Only earlier, he’d said they were one and the same.

Feeling uncomfortable and unsure, I needed a shower. Not only for emotional distance, but I was sticky everywhere.

I started to get up, but Kieran grabbed my hand.

“Don’t run away from me now.”

That’s what I was doing, running. That’s what I always did. It was safer.

“I just need a shower.”

“I’ll come with you.”

“I don’t think I’ll get very clean.”

“We’ll get clean and then dirty again.” Kieran pinned me on my back with one swift motion. “Or dirtier first.”

I didn’t have a chance to answer because my legs hooked around his waist and even though I felt rode hard and put away wet, I still arched up to meet him.

This time was different. This time, he touched my face like it was something precious to him. I couldn’t help but wonder if he’d done this to April.

Fucking fuck fucker. Why couldn’t I just have this moment without thinking about her? Or what Kieran had done with her? What did it matter? He was here with me now. Not her. I won. I had what I wanted.

I looked into Kieran’s eyes and held his gaze through every thrust and this time, it was kind of like how I imagined it would be. How I wanted it to be.

“I love you.” His voice was a jagged whisper, almost like the confession was painful for him, razorblades on his tongue. He buried his face in my neck and I knew I was making love to Kieran Holt, not fucking Finn McCool.

This was what was mine. “I love you, too. I always have.”

He groaned against me, the words seeming to elicit something more in him than just the rhythmic thrusts of our lovemaking. His embrace tightened and in that moment, I had everything I ever wanted.

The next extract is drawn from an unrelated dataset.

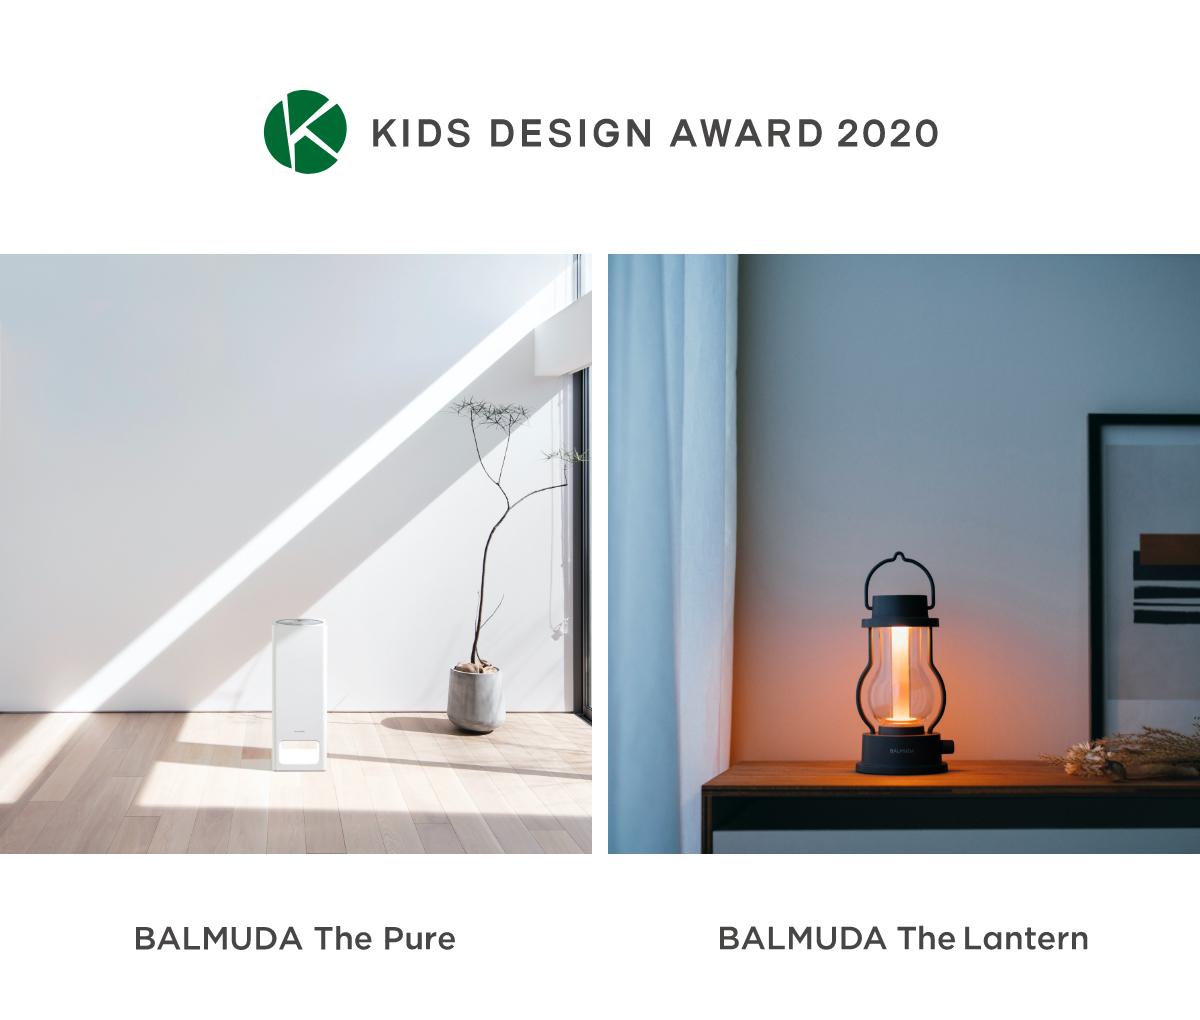 BALMUDA The PureとBALMUDA The Lanternが2020年度キッズデザイン賞を受賞

Except I felt like I’d betrayed Brant. His place in the bed next to us was still warm and the look on his face… when he said he’d call me, it seemed like a final goodbye.

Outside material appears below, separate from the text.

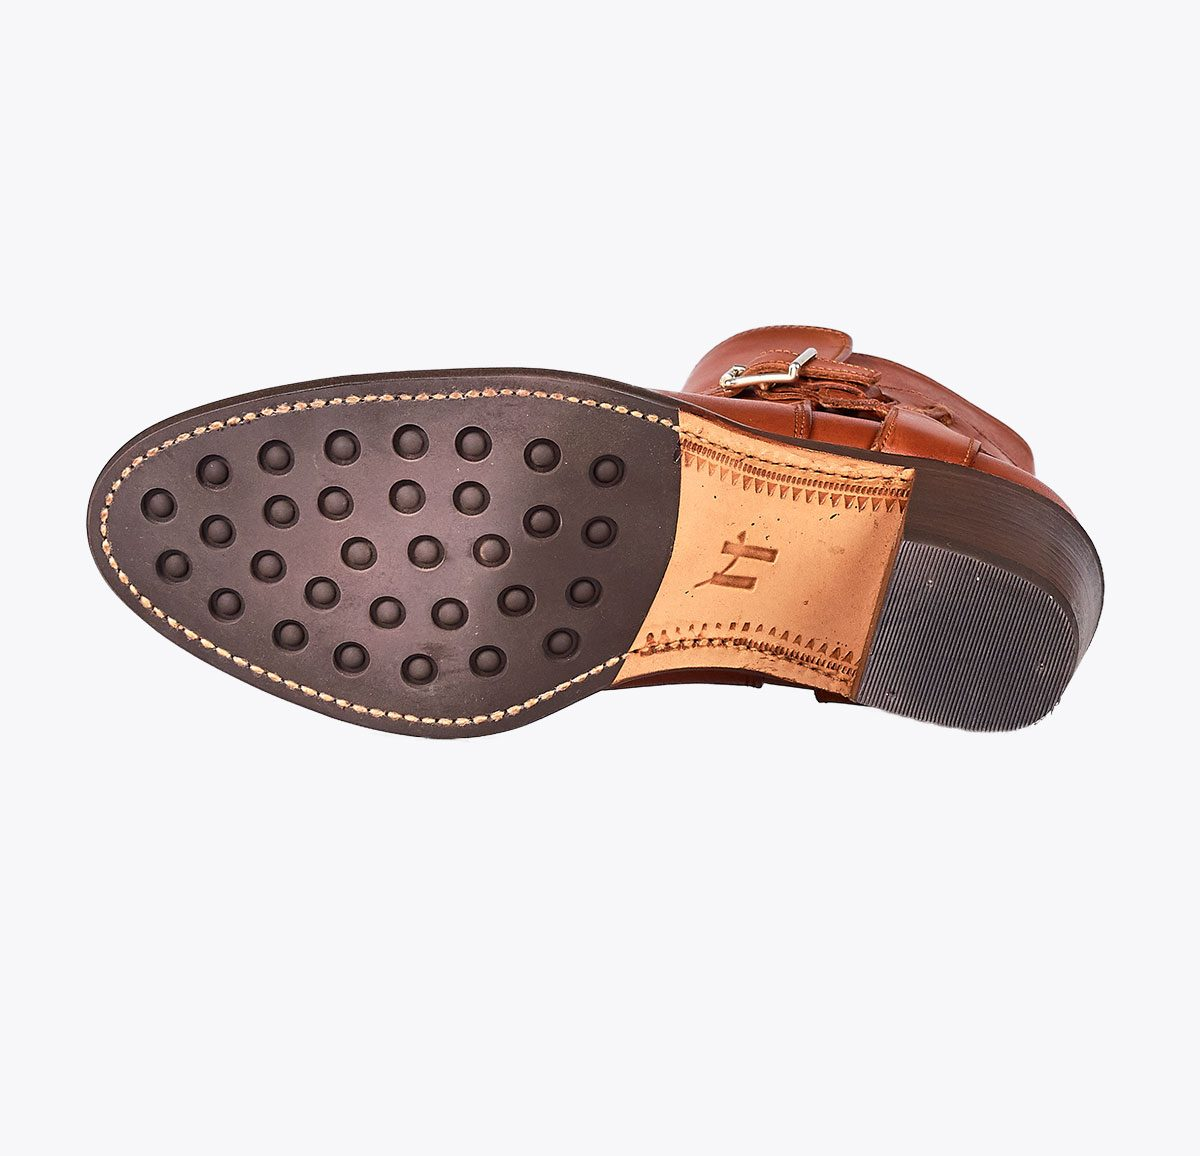 Botín Yessy, tailor made shoes, schuhe nach mass en mandalashoes Santanyí Mallorca

But that didn’t make any sense. He’d set this up.

The same way Kieran had pushed me to go out with Brant.

I wasn’t in love with Brant. I was in love with Kieran.

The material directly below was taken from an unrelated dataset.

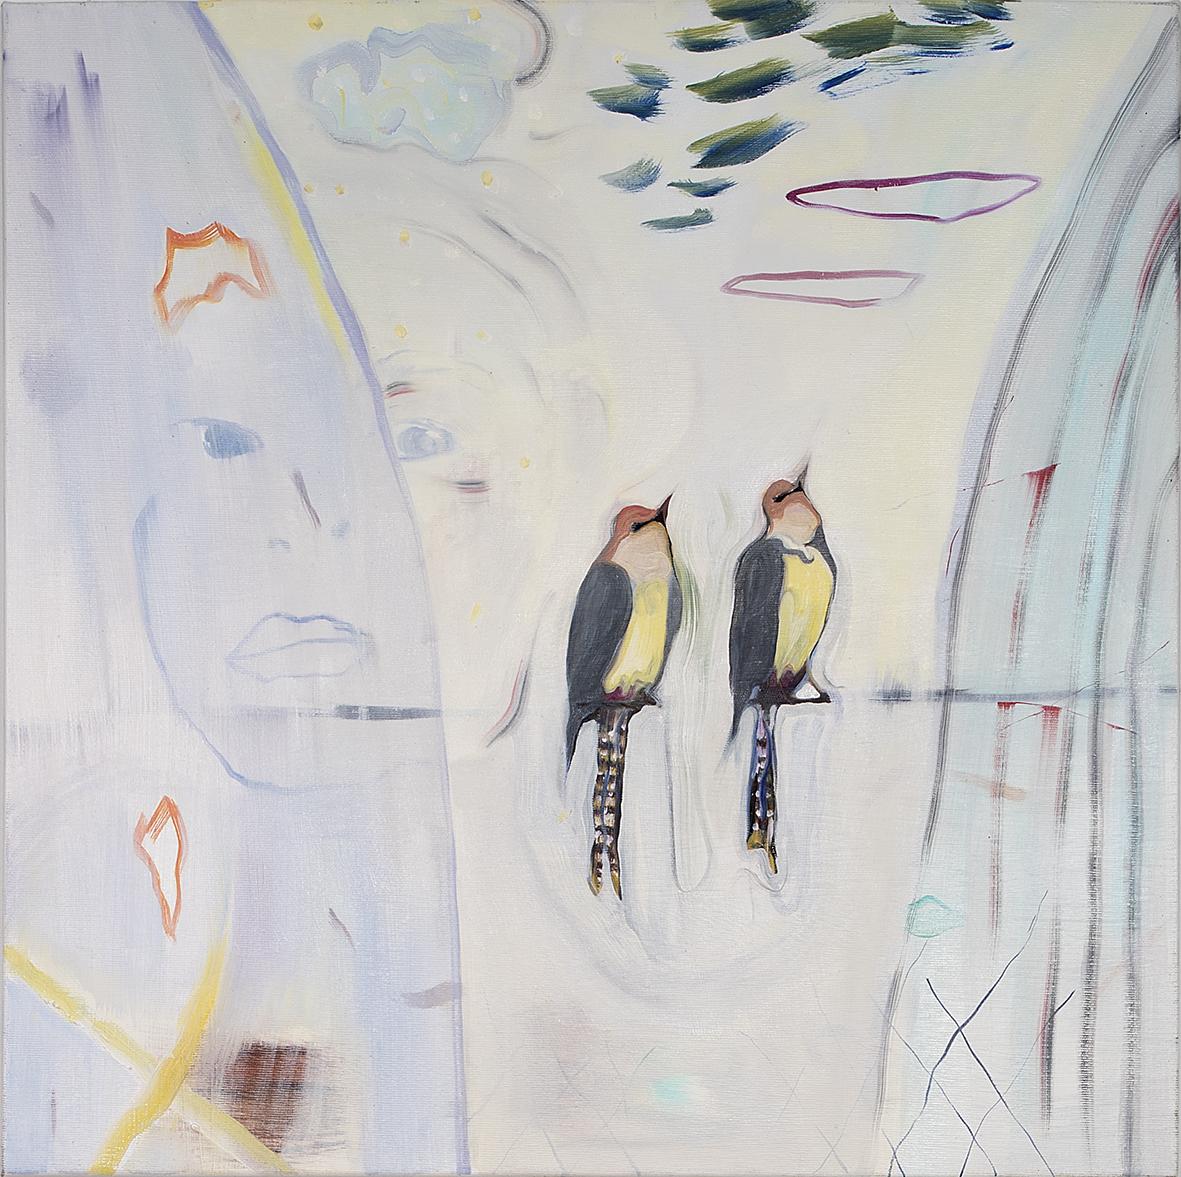 Vera Portatadino, Hypnosis, 2015, olio su tela, 60 x 60 cm

So why did this feel suddenly wrong?

“Hey, come back to me,” Keiran said against my ear.

“I’m here.” I dug my nails into his shoulders, inhaled the familiar scent of him and focused on just how it felt to be there with him.

“Say you’re mine, Claire.”

“I’m yours. Always.”

He shuddered against me, spent. Kieran rested his head on my breast and I held him there for a long time. I knew if I moved, it would shatter the idyll. I’d have to start thinking about all the stuff I’d put on hold to have this experience.

I’d have to think about what it meant if he loved me.

He’d said it, but I realized I didn’t believe him. If he loved me, if he wanted me, why hadn’t he said something?

The same reason I hadn’t?

No. He’s only here because he thought he was going to lose you to Brant. He doesn’t want you, but he needs you.

My phone buzzed and thinking it was Brant, I stretched to reach it, but I dropped it.

“Fuck ‘em. Whoever it is, they can fuck off,” Kieran grumbled.

“It might be important.”

“More important than what I’m about to do to you? Again?” He pounced on me when I squirmed away from him, but I shimmied to reach the phone on the floor and picked it up.

“Hello?”

“Claire?” It was April and I’d never heard her sound so… fragile.

“Yeah, what’s up?”

“My dick,” Keiran answered and tried to wrestle the phone away from me.

“Stop it. Come on. It’s April.” I pushed at his shoulders and he froze.

“Is he…” April began, but didn’t finish her statement. Silence reigned for a moment that seemed to last forever.

I knew what she was asking and the mean girl in me was more than happy to tell her that I had what she wanted. Not because I wanted to hurt her, but because she always got everything. And for once, I got something she wanted. For once, I was good enough.

For once, it was about me.

“Yeah.” There was so much in that one word. It was a knife, it was a balm, it was the culmination of all my doubts, and all of hers. I changed everything with that word.

Apparently, Kieran thought so too. His face had gone ashen.

Maybe he really did want her instead.

“I can’t talk,” April choked and hung up the phone.